ERC Project: Circular RNA Therapeutics for Duchenne Muscular Dystrophy

RNA therapeutics is an emerging field explored in various types of diseases such as genetic disorders, cancer, inflammation and viral infections. Currently, most of the research focuses on the delivery of mRNA molecules that will transiently express a certain protein that can replace a defective protein or manipulate gene expression in the cells. My lab was the first to show systemic, cell-specific delivery of mRNA molecules in animals. Our approach was translated to several clinical trials in the field of infectious and monogenic diseases.

In replacement therapy, the main hurdle of using mRNA is the relative short half life of the mRNA. To address it, we suggest an approach for long-term expression: Circular RNA (circRNA), a covalently closed loop single stranded RNA that has a significant prolonged stability compared to linear mRNA. Thus, presents a great advantage in replacement therapy.

Duchenne muscular dystrophy (DMD) is caused by X-linked recessive mutation in dystrophin gene, leading to lack of functional dystrophin protein. This disease affects 1:5,000 males, causes a progressive loss of muscle tissues, ultimately leading to disability and premature death. Because DMD pathology is caused by the lack of functional dystrophin, restoring the function of dystrophin is a potential therapeutic strategy.

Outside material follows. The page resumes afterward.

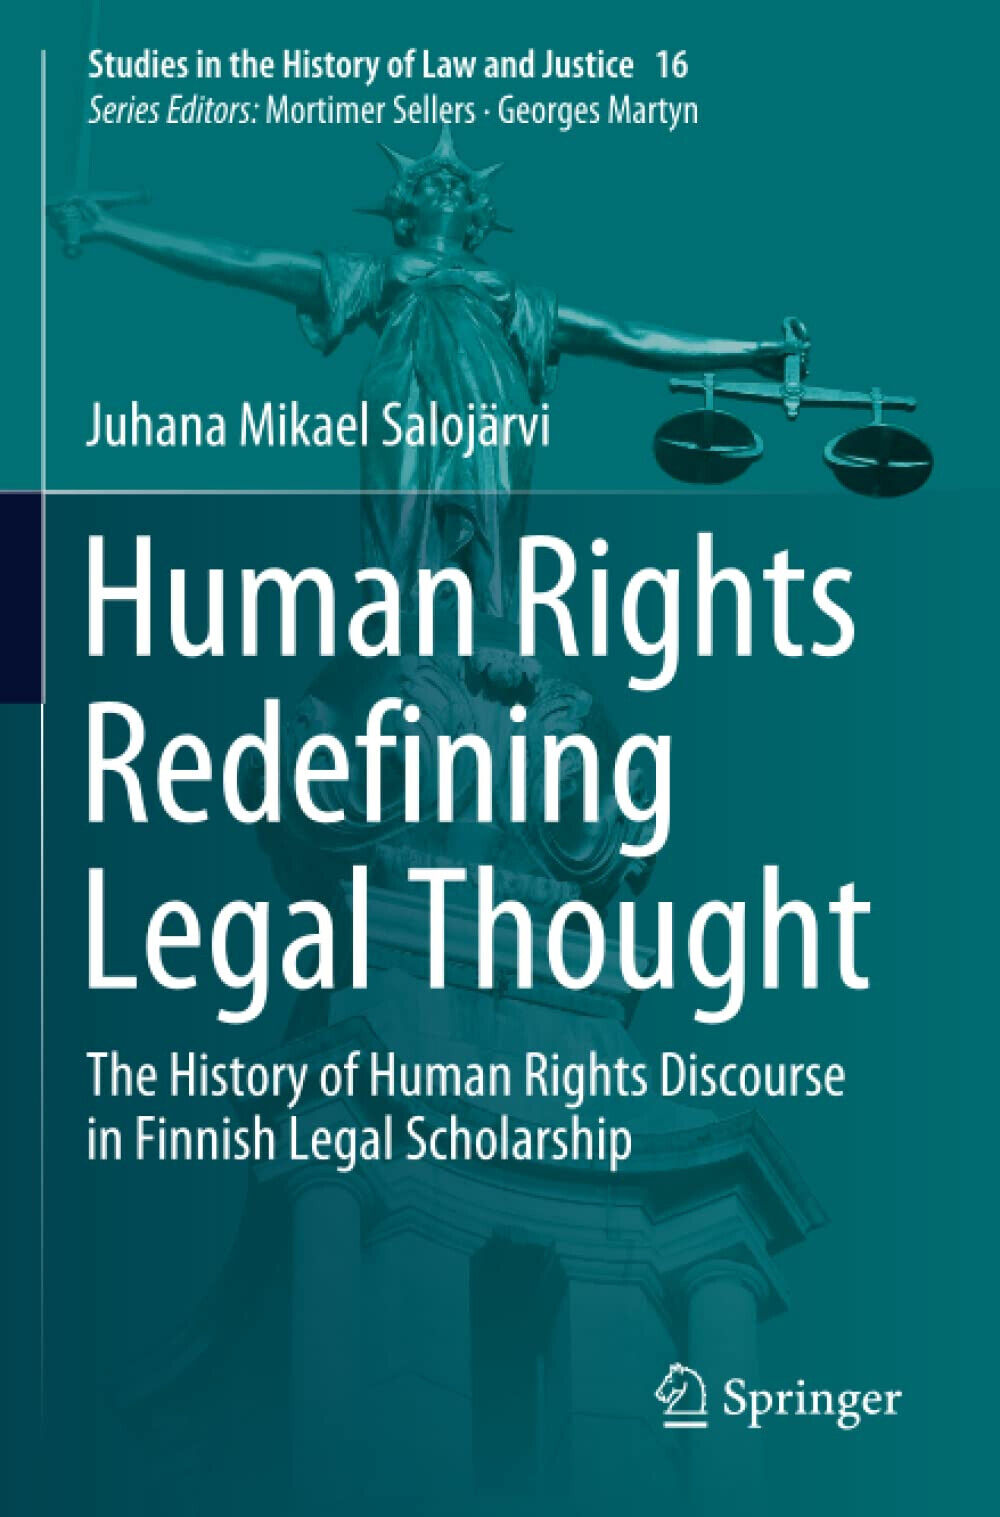 Human Rights Redefining Legal Thought - Juhana Mikael Saloj?rvi - Springer, 2020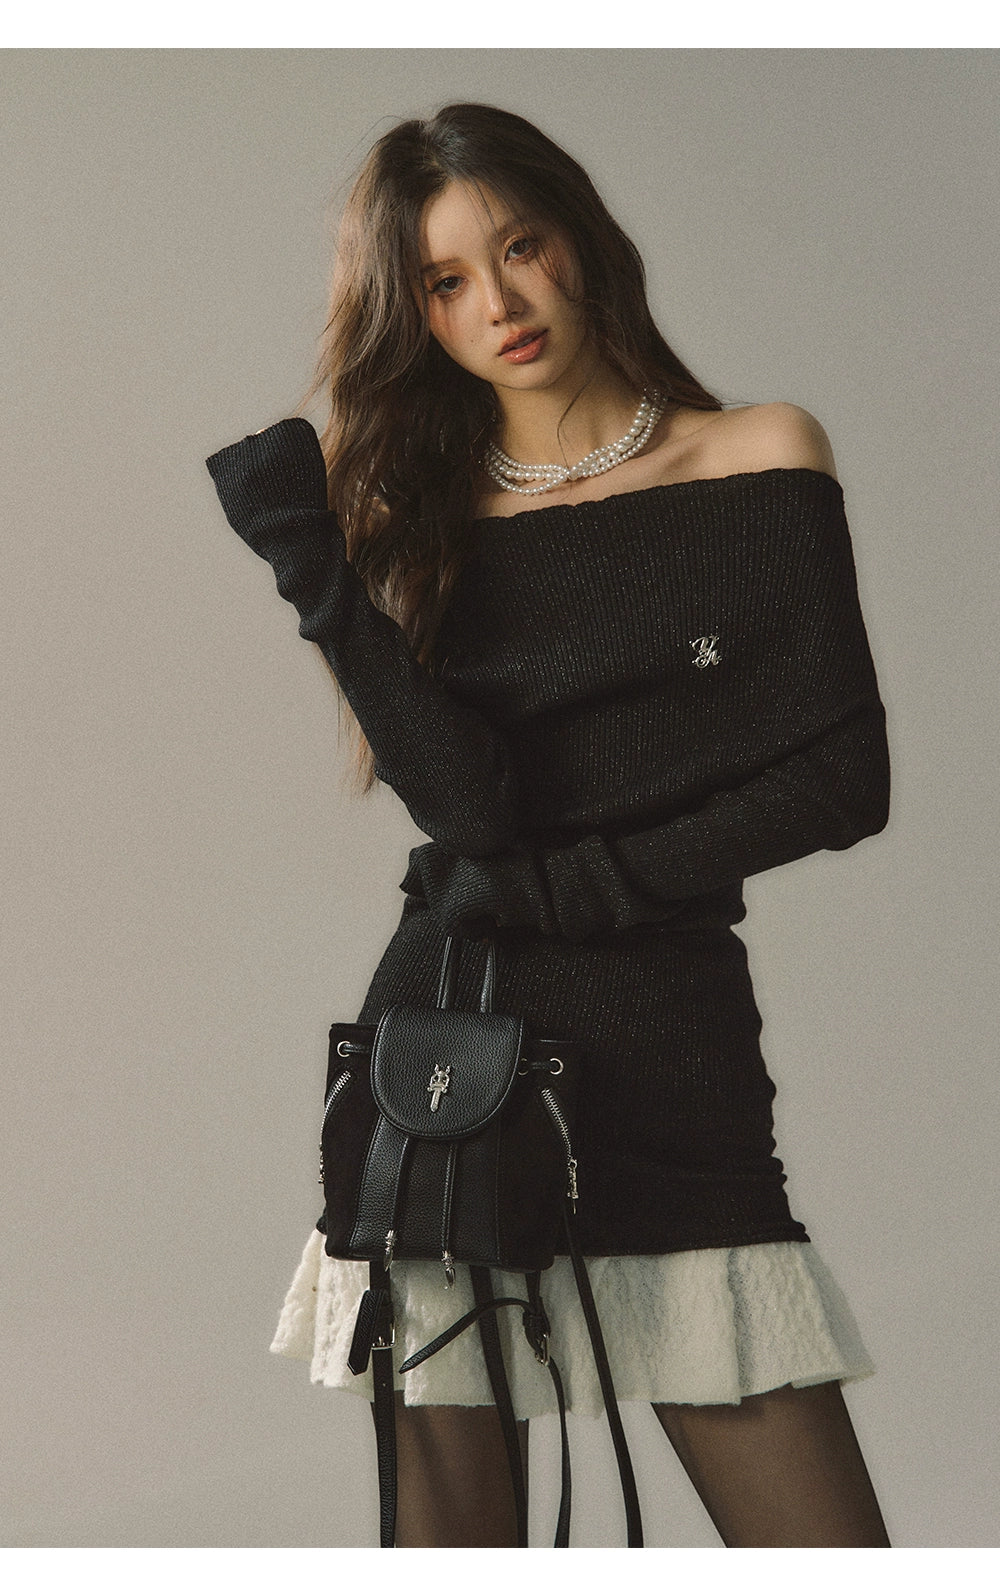 Khaki &amp; Black Off-shoulder Knitted Mini Dress - CHINASQUAD

As Lipid nanoparticles (LNPs) are the most clinically advanced candidate for RNA delivery platform, able to entrap large RNA payloads, herein we propose an innovative multidisciplinary approach for the specific delivery of circRNA-LNPs to muscle cells that will express the dystrophin protein and replace the defective one in a DMD mouse model.

The long-term expression of the circRNA will offer new hope for the treatment of monogenetic diseases such as DMD. This approach may ultimately become a novel therapeutic modality for DMD and open new avenues for implementing circRNAs for other types of genetic disorders and vaccines.